The whole listing below should be retyped exactly, without any images.

> _COLLECTED MATERIAL_
# # # # # # #

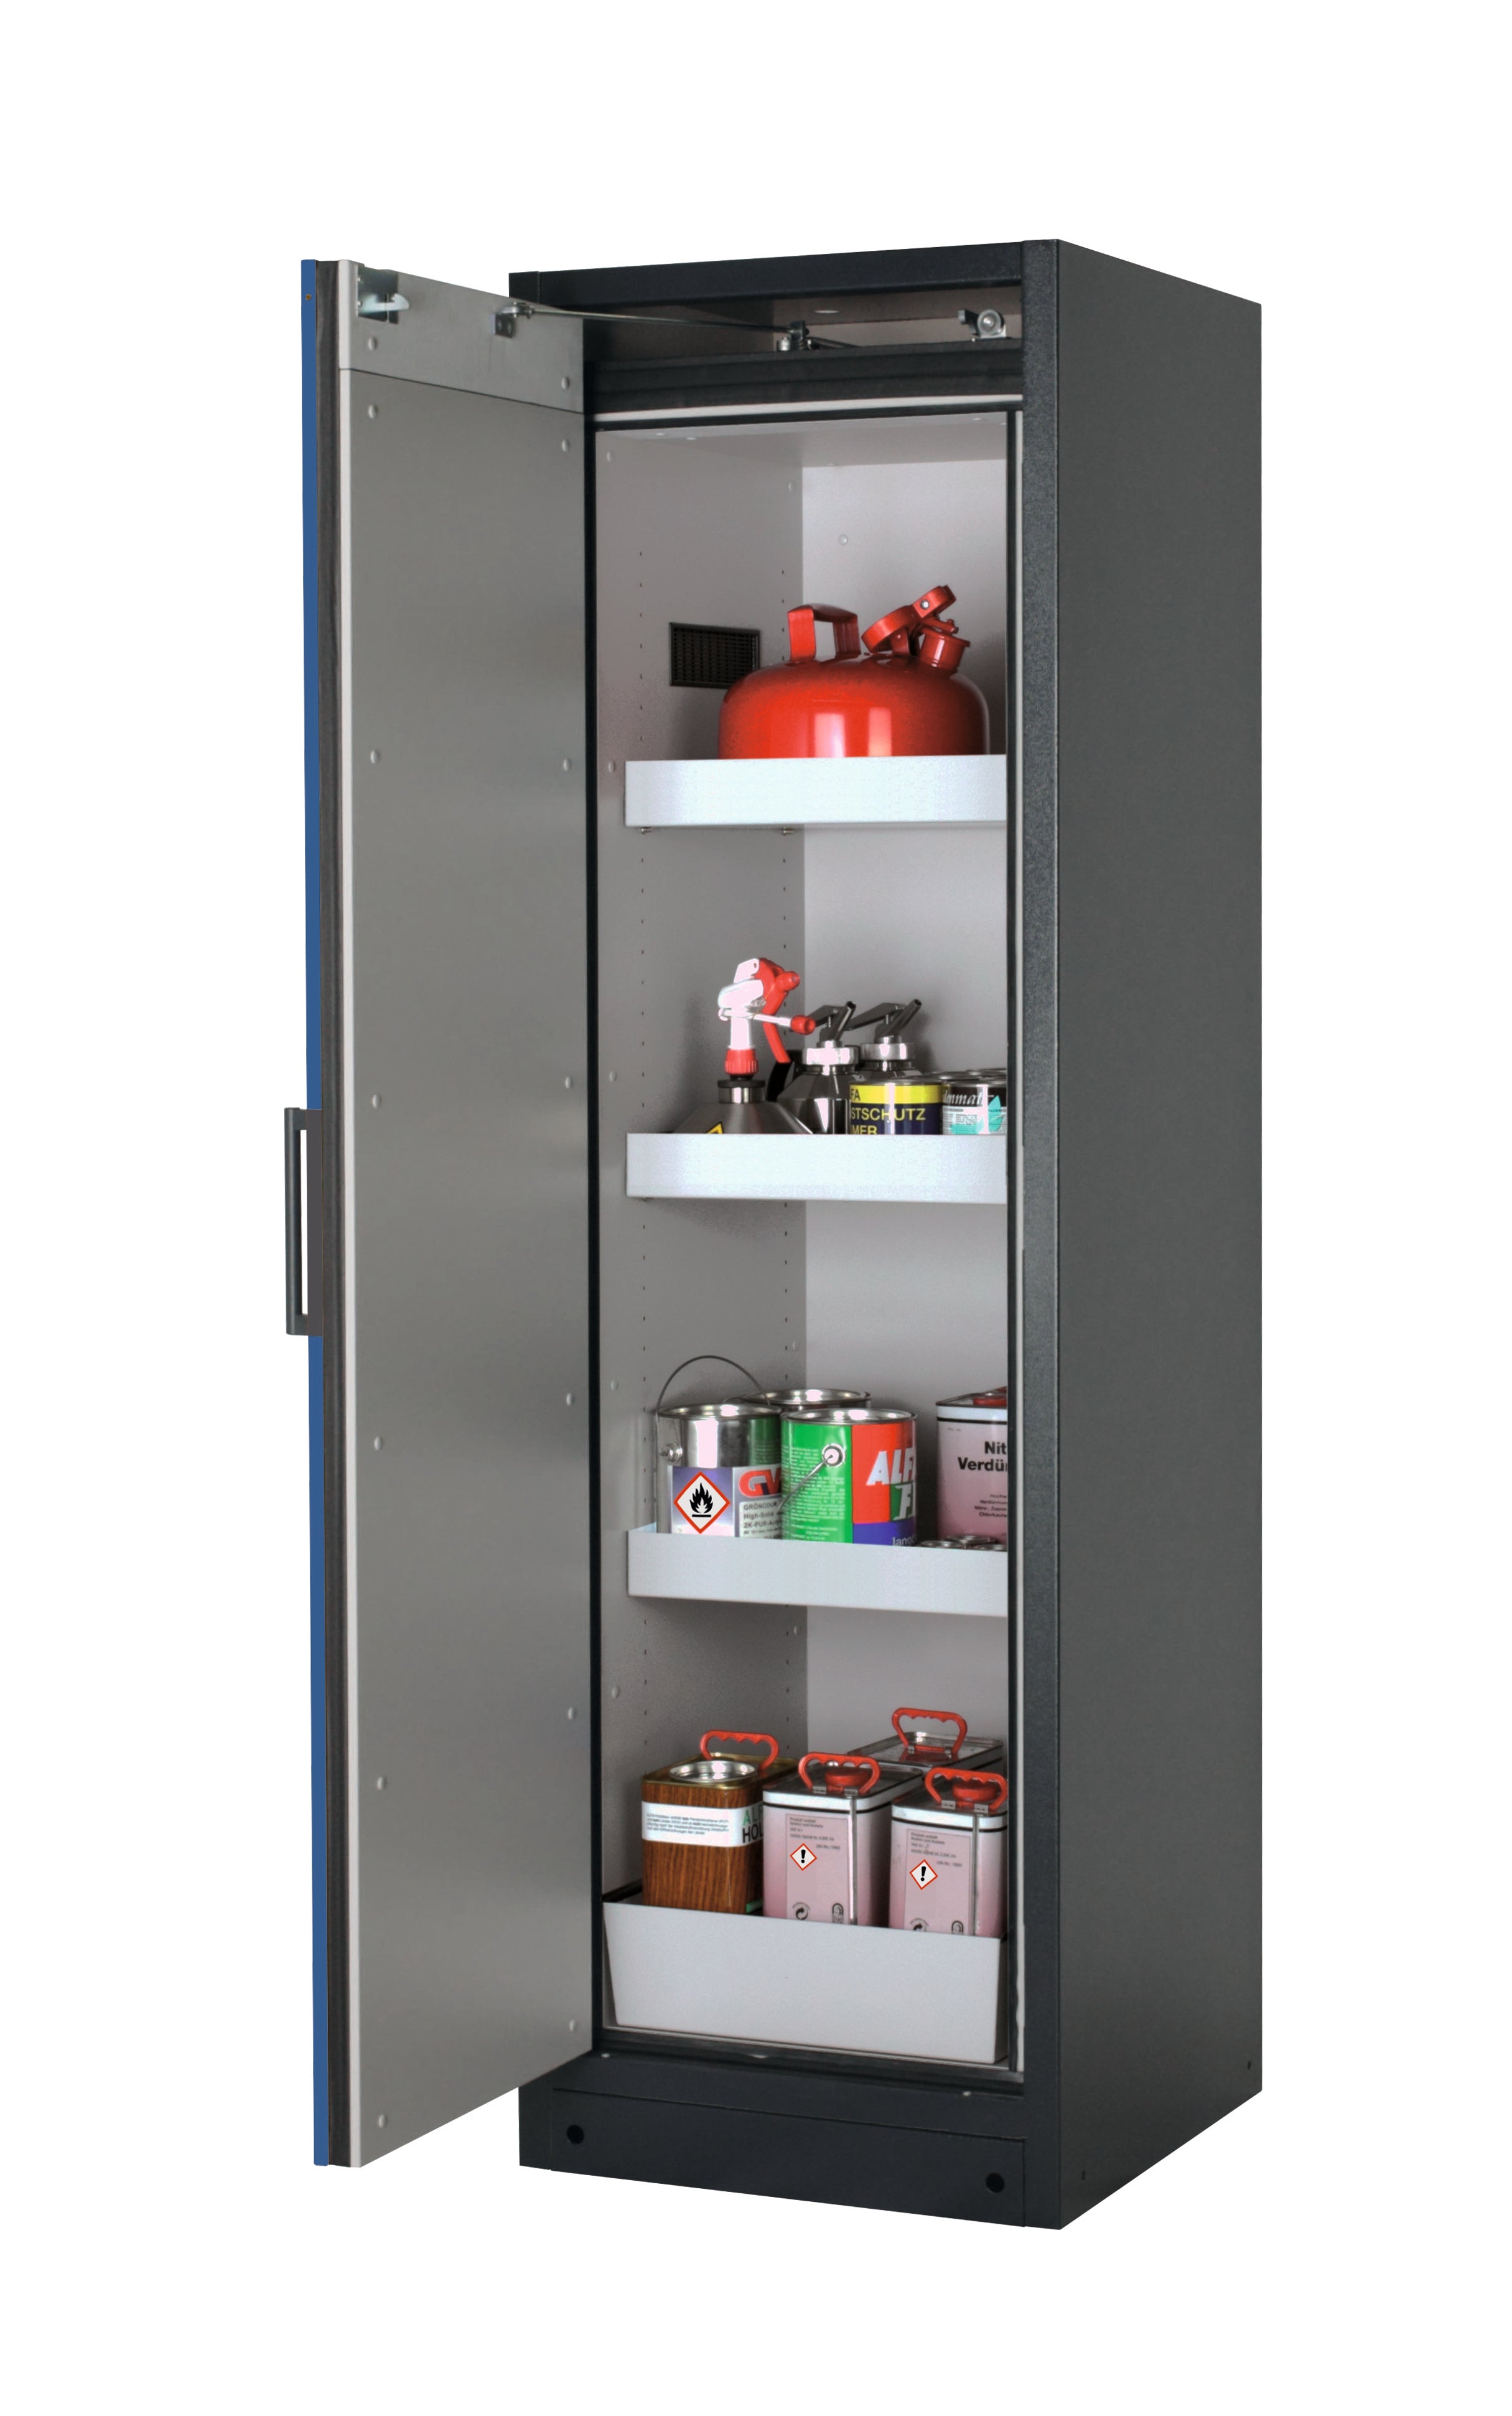 Type 90 safety storage cabinet Q-PEGASUS-90 model Q90.195.060.WDAC in gentian blue RAL 5010 with 3x tray shelf (standard) (sheet steel),
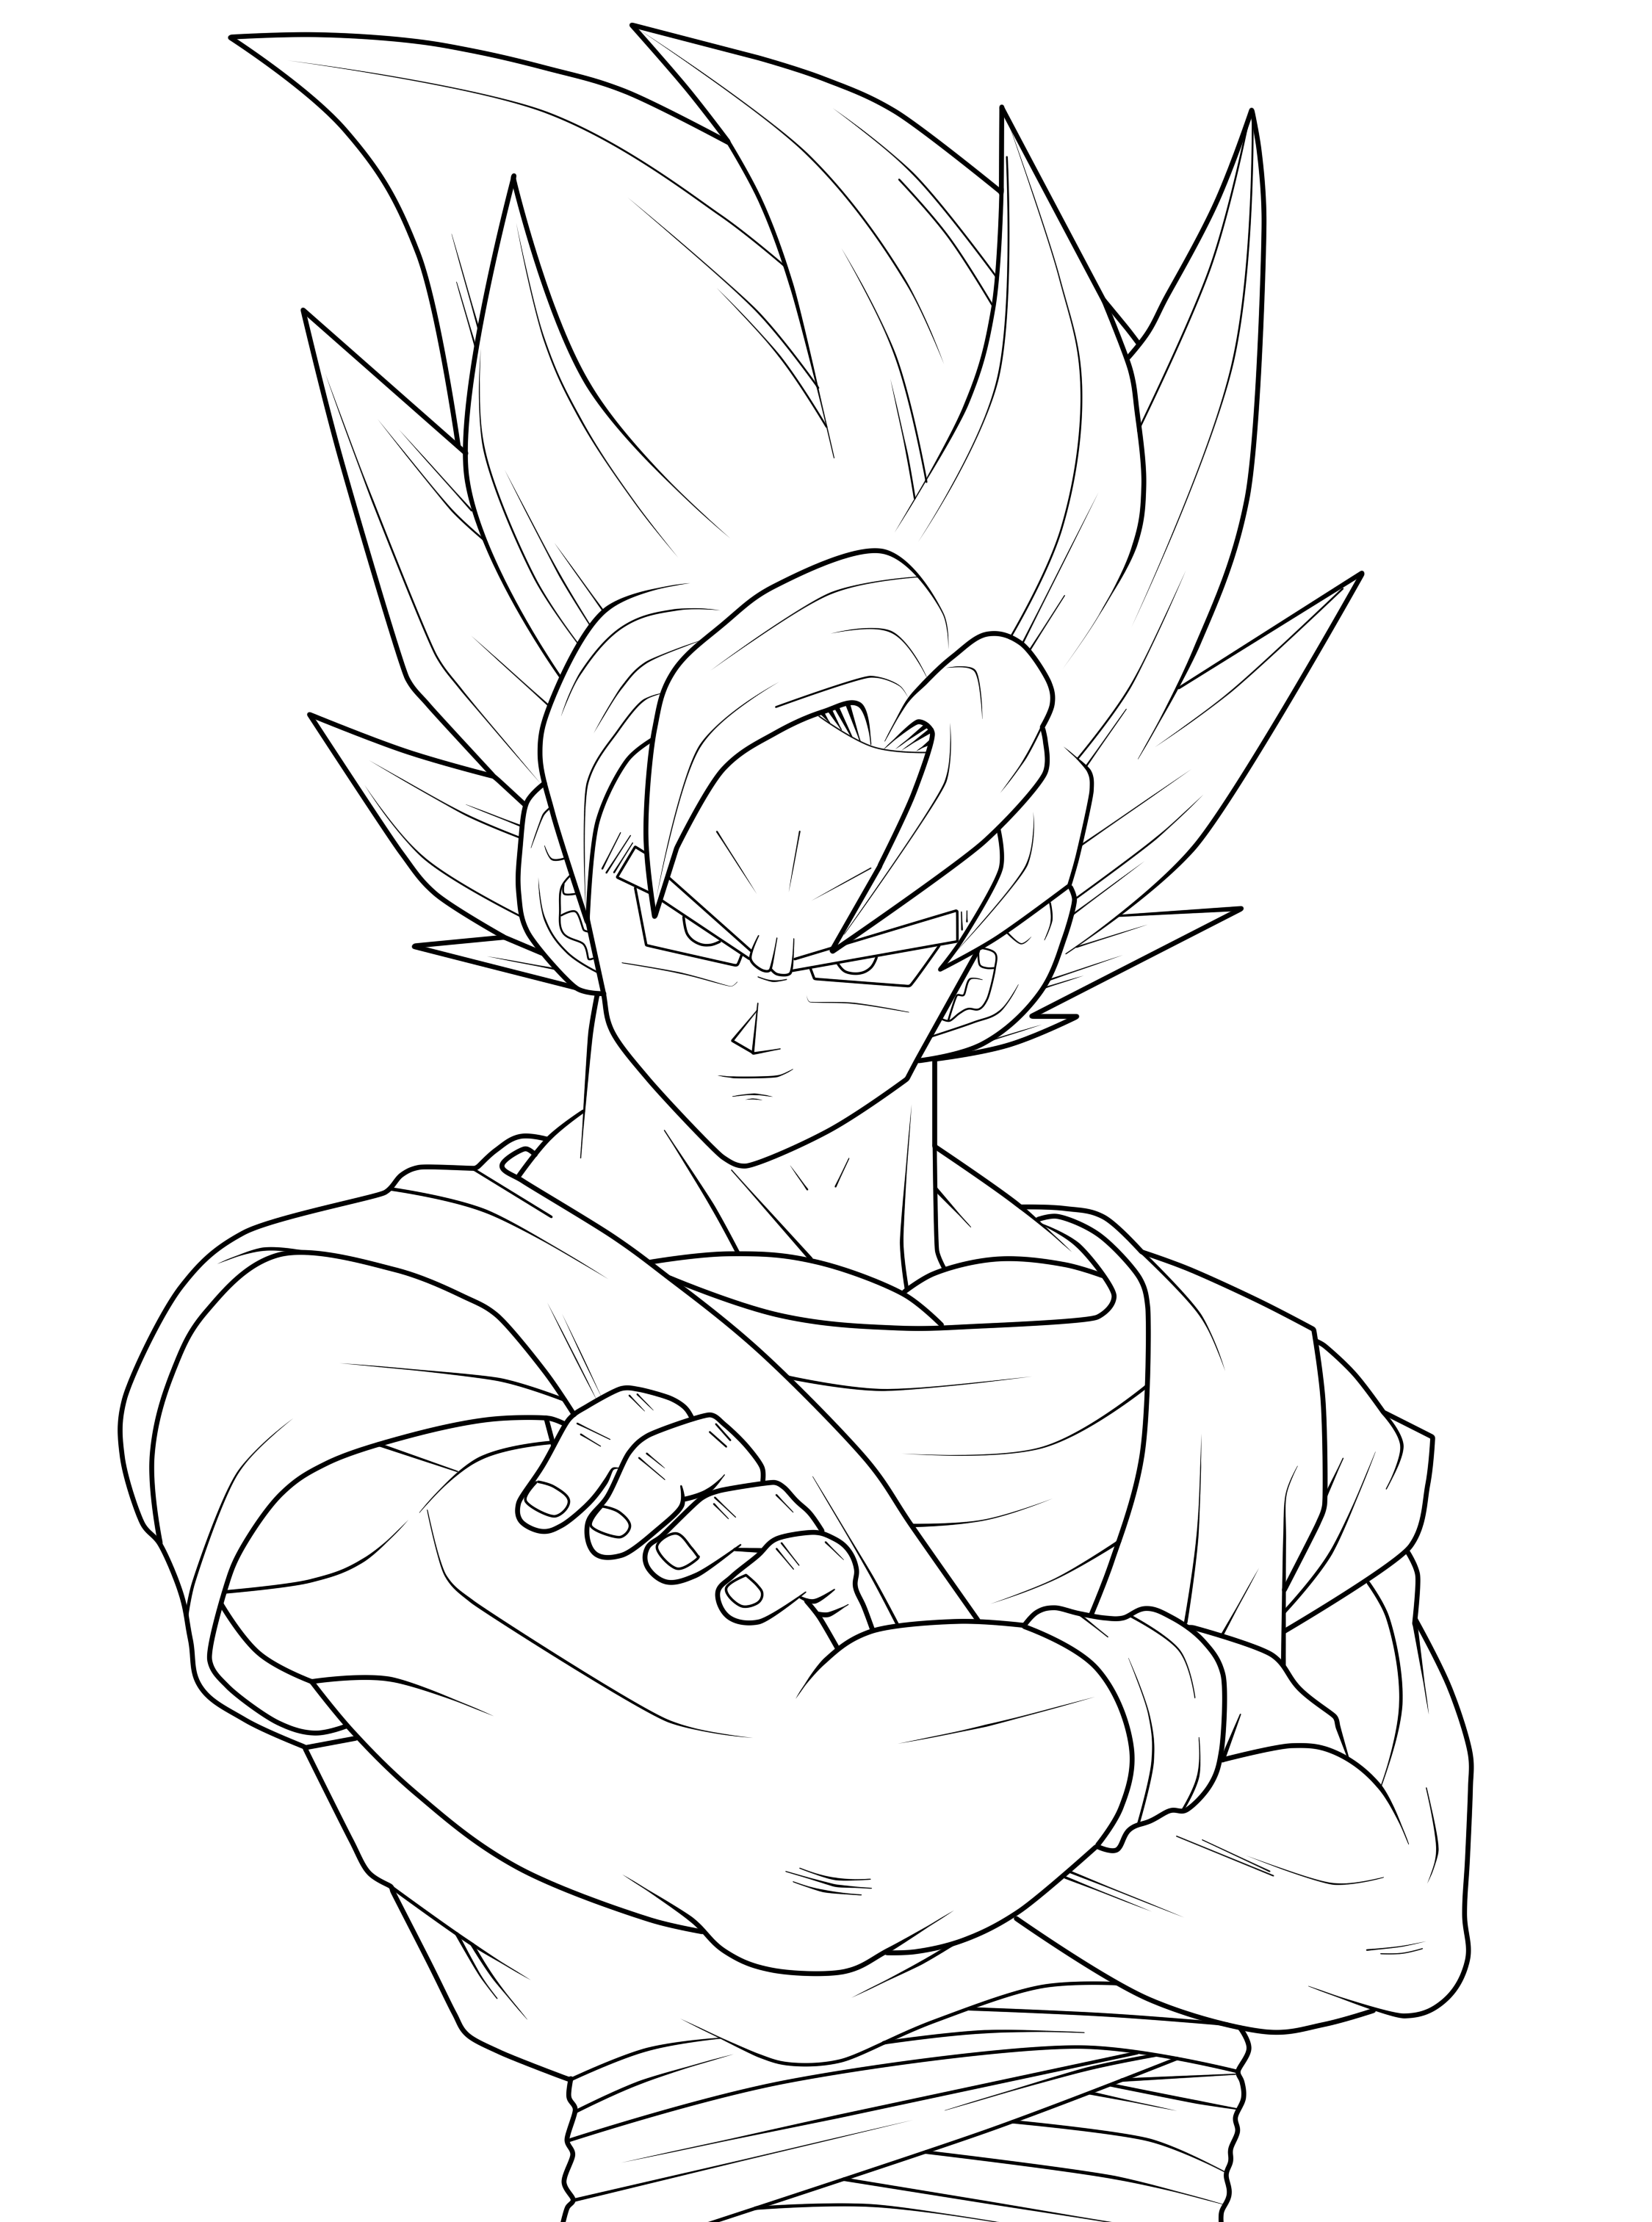 Coloring Pictures Of Goku | Coloring Pages for Kids and for Adults
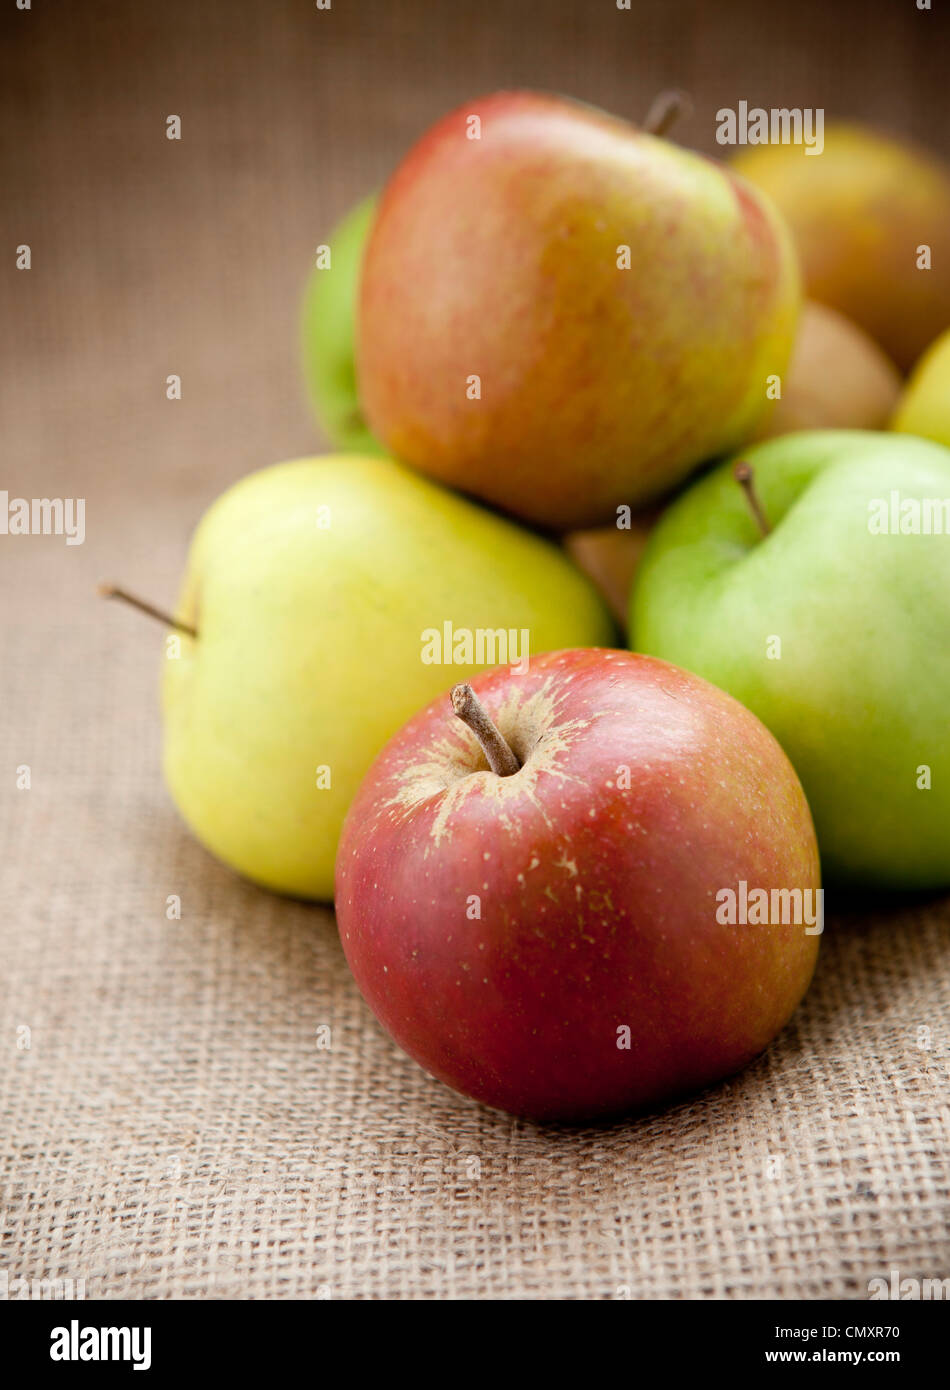 Apples on a hessian sack in natural light. Selection of fruit including Cox, Braeburn, Granny Smith, Golden Delicious, Jazz. Stock Photo

# # # # # # #

> _RESPONSE TO THE TASK_
 Type 90 safety storage cabinet Q-PEGASUS-90 model Q90.195.060.WDAC in gentian blue RAL 5010 with 3x tray shelf (standard) (sheet steel),
 Coloring Pictures Of Goku | Coloring Pages for Kids and for Adults
 Apples on a hessian sack in natural light. Selection of fruit including Cox, Braeburn, Granny Smith, Golden Delicious, Jazz. Stock Photo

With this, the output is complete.